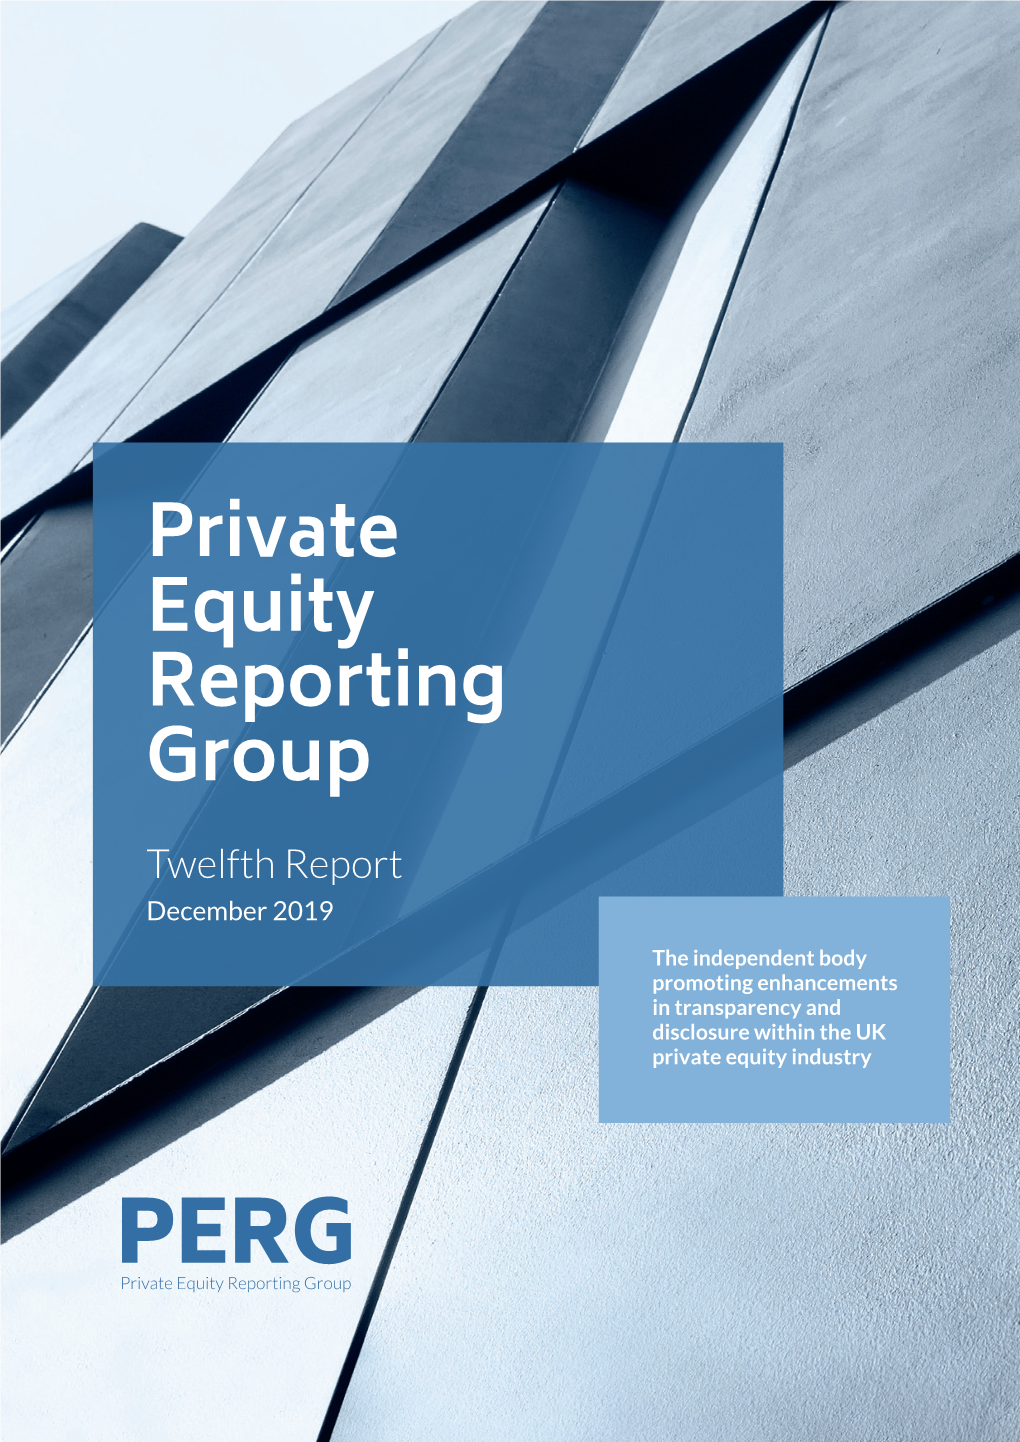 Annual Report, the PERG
•••
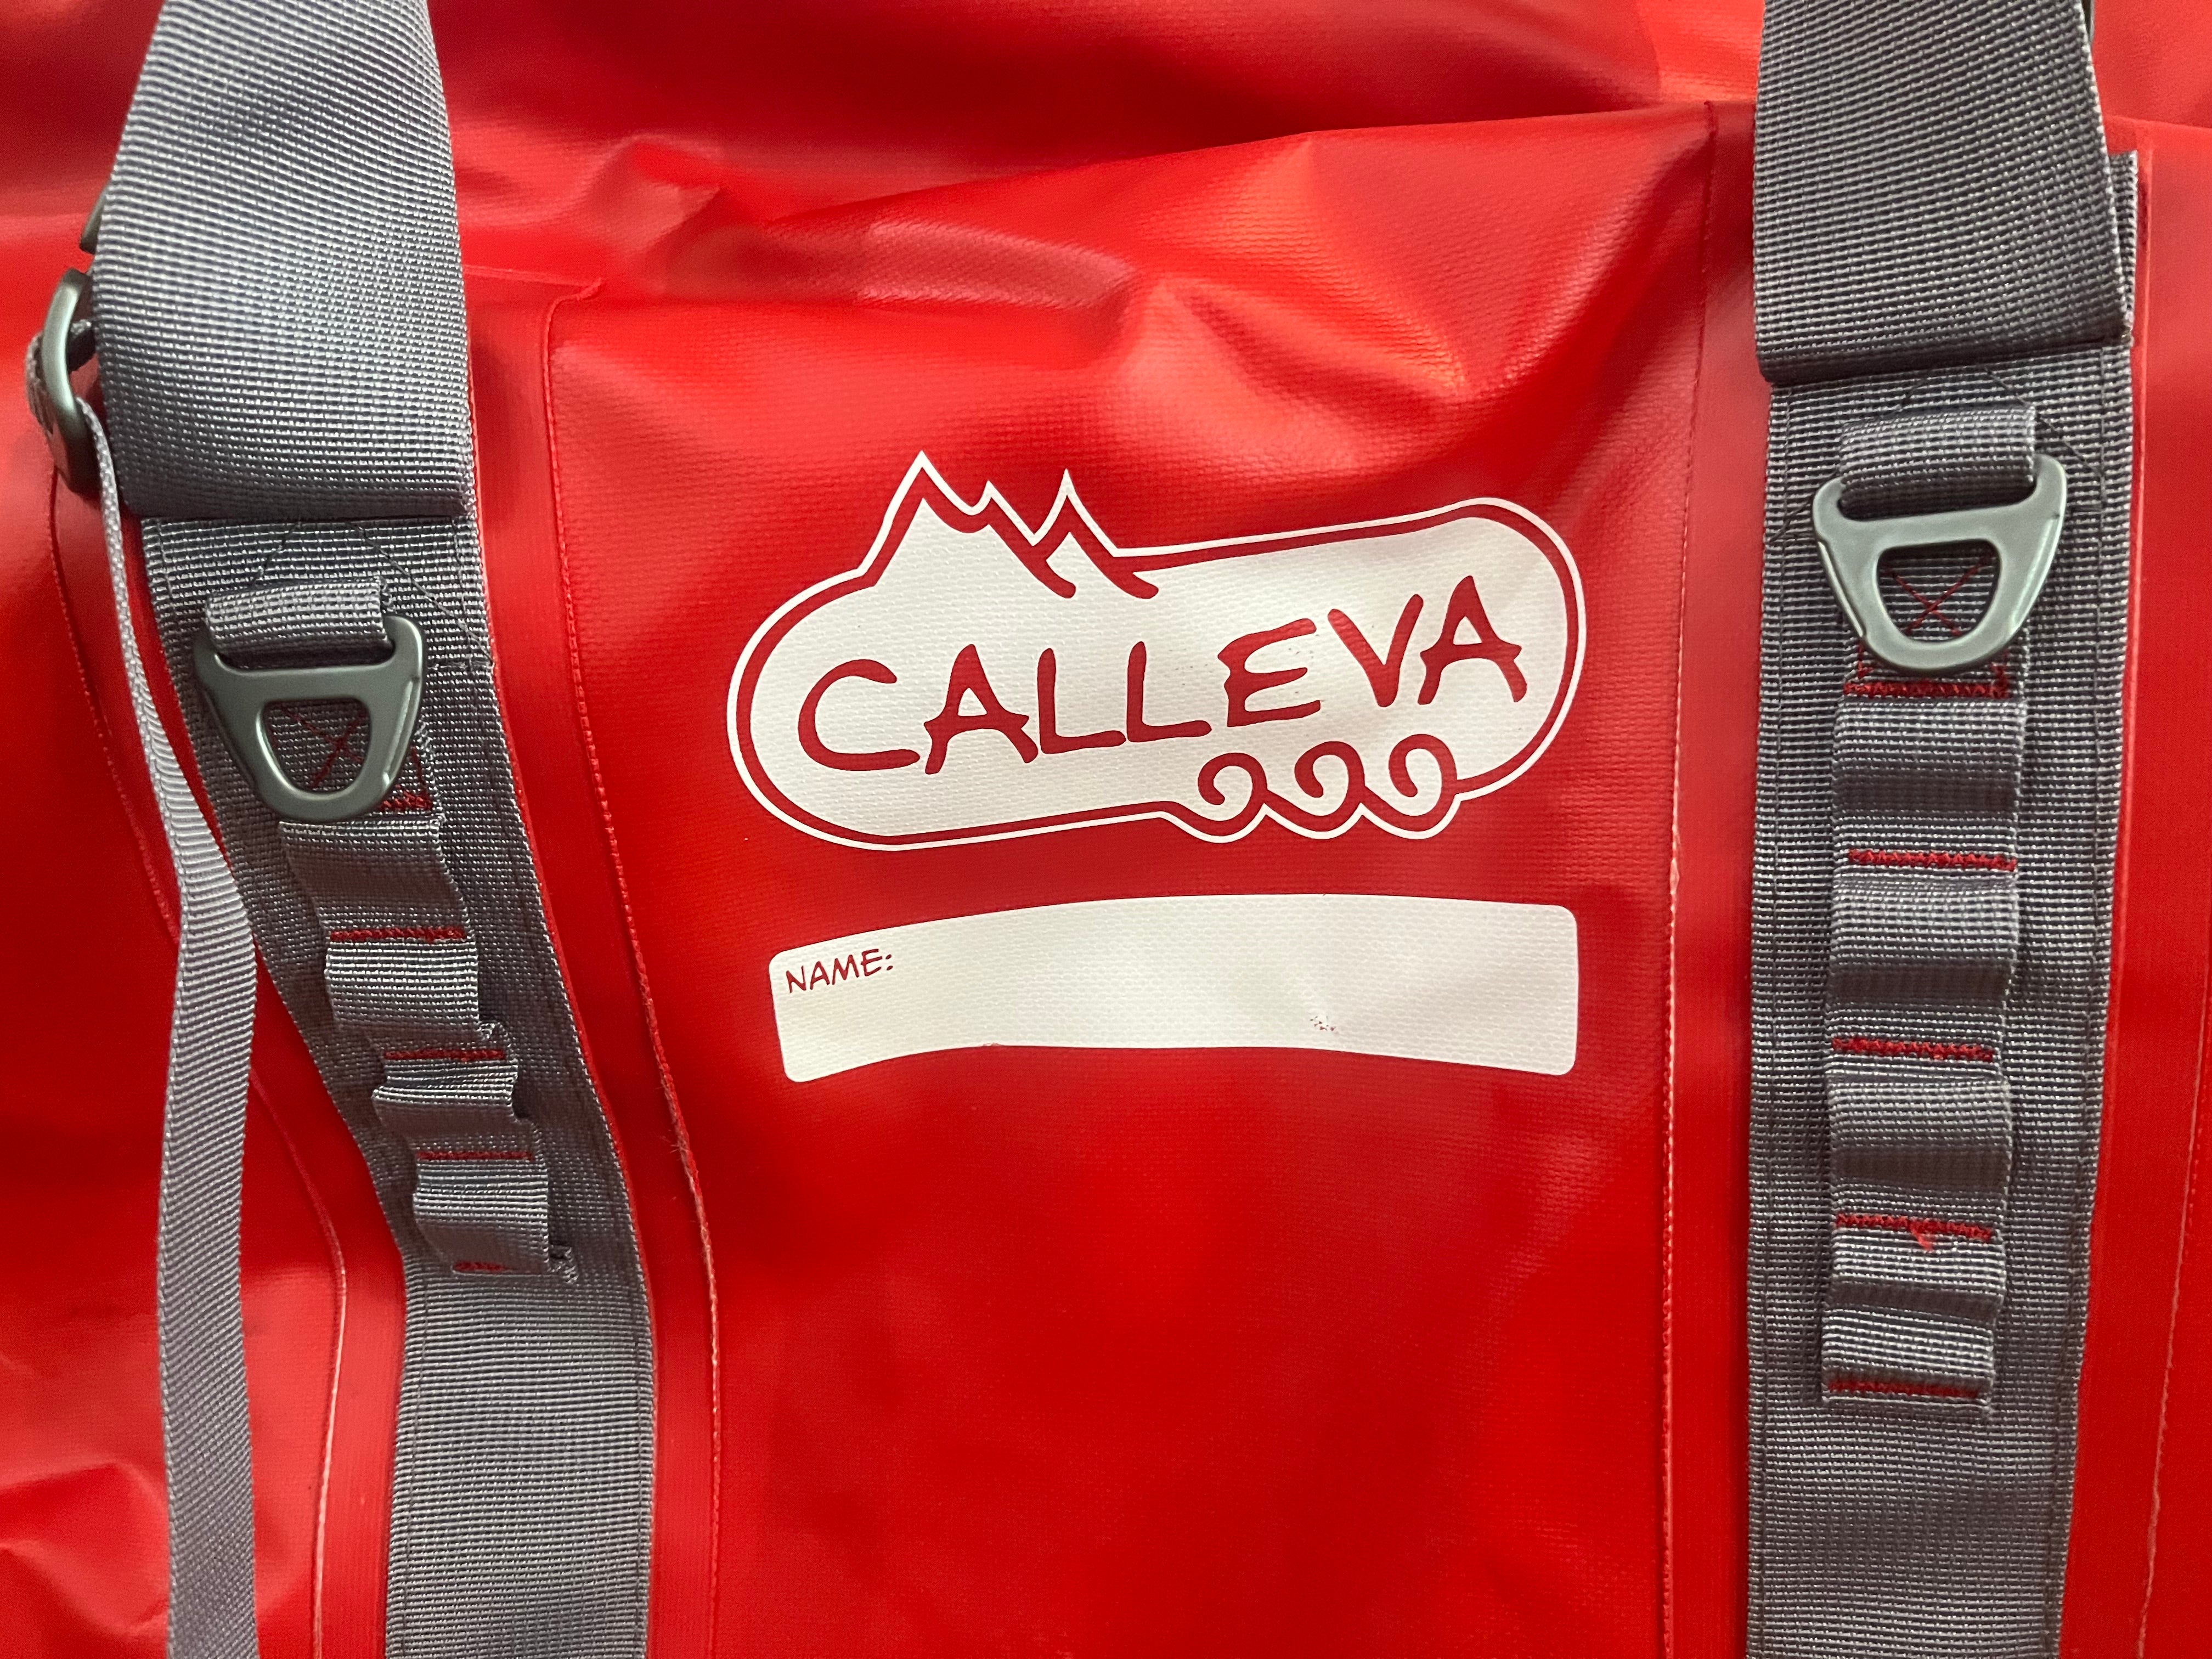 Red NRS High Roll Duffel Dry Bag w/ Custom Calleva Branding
•••
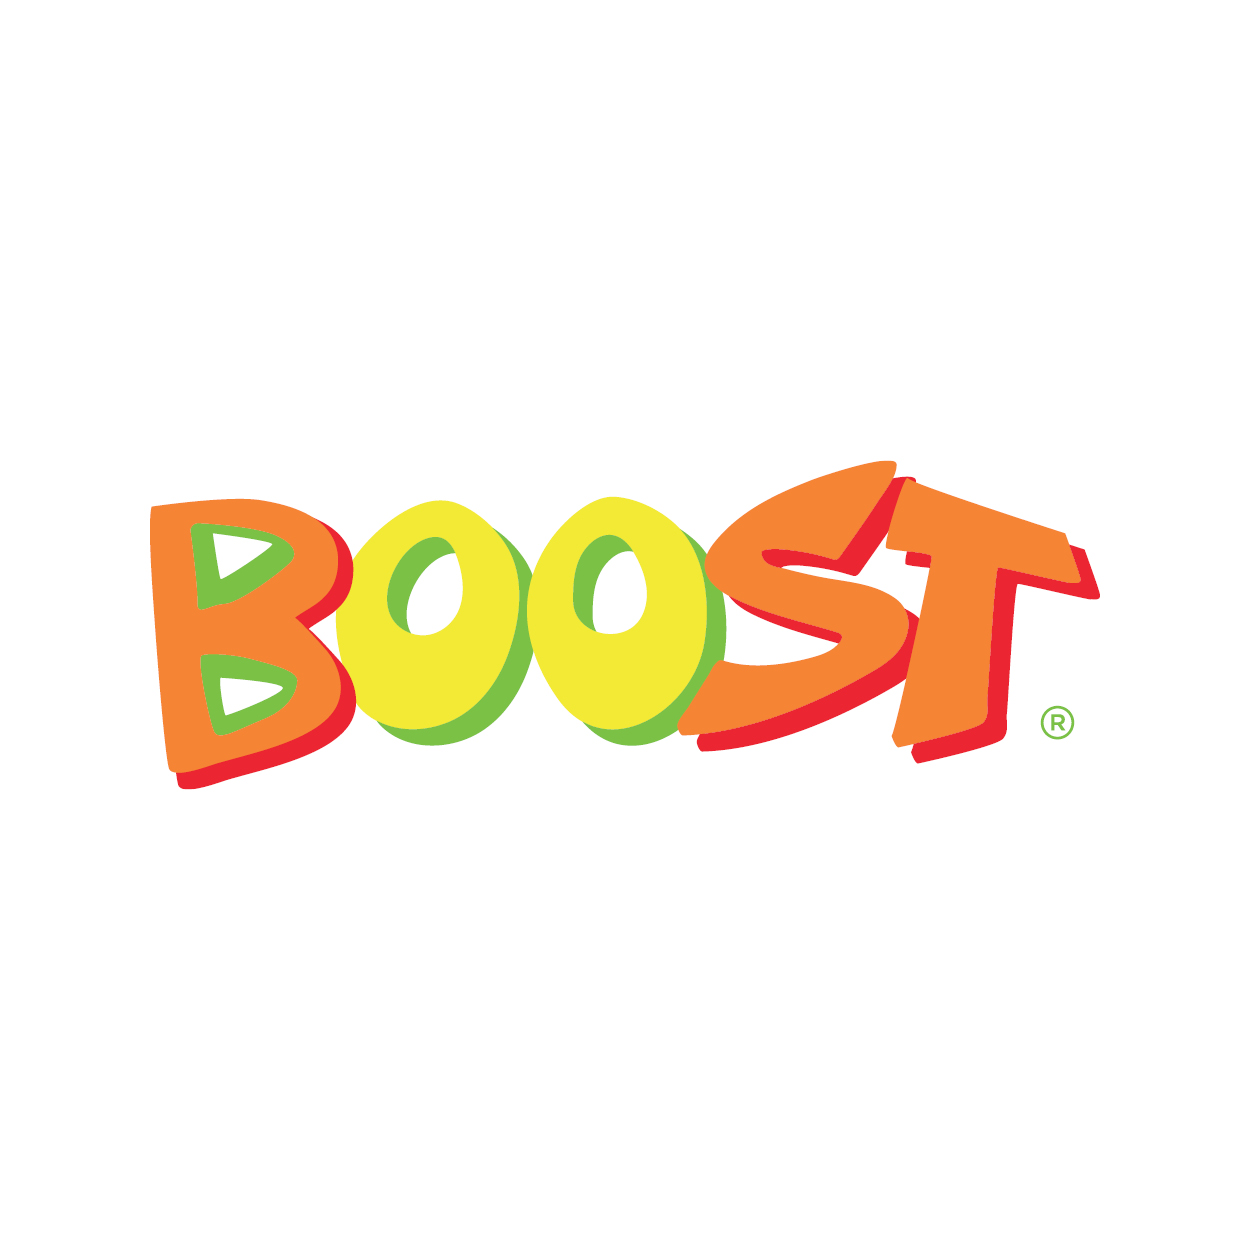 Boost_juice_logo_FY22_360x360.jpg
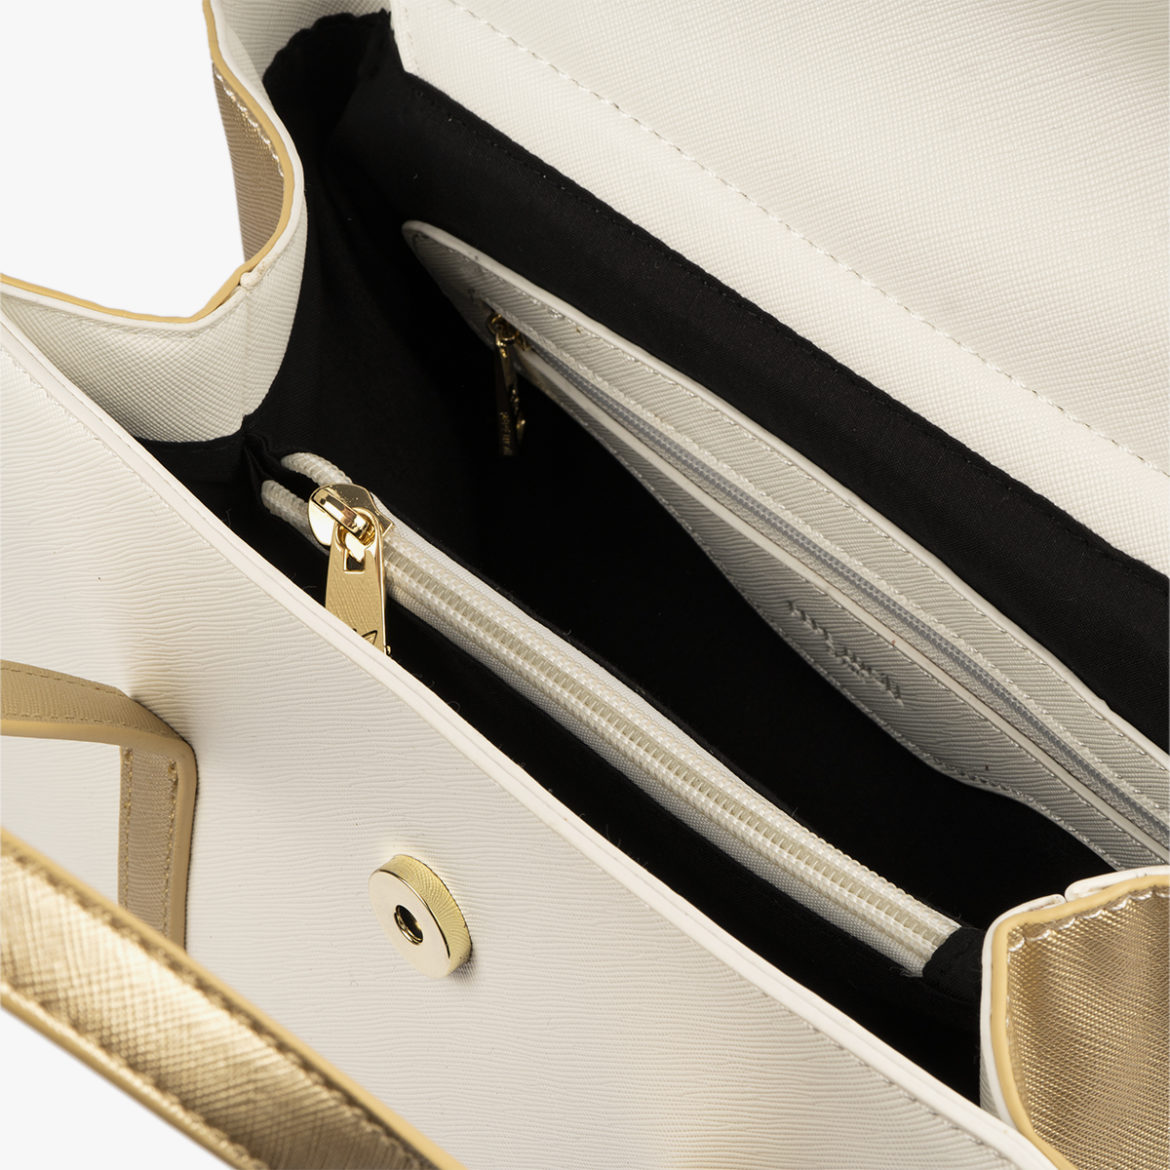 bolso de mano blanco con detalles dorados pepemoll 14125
•••
▶ _EXERCISE_: Extract from the material above the stretch running from the line containing "Boost_juice_logo_FY22_360x360.jpg" through the line containing "bolso de mano". Keep the text exact and the pictures out.

▶ _SOLVED EXERCISE_:
 Boost_juice_logo_FY22_360x360.jpg
 bolso de mano blanco con detalles dorados pepemoll 14125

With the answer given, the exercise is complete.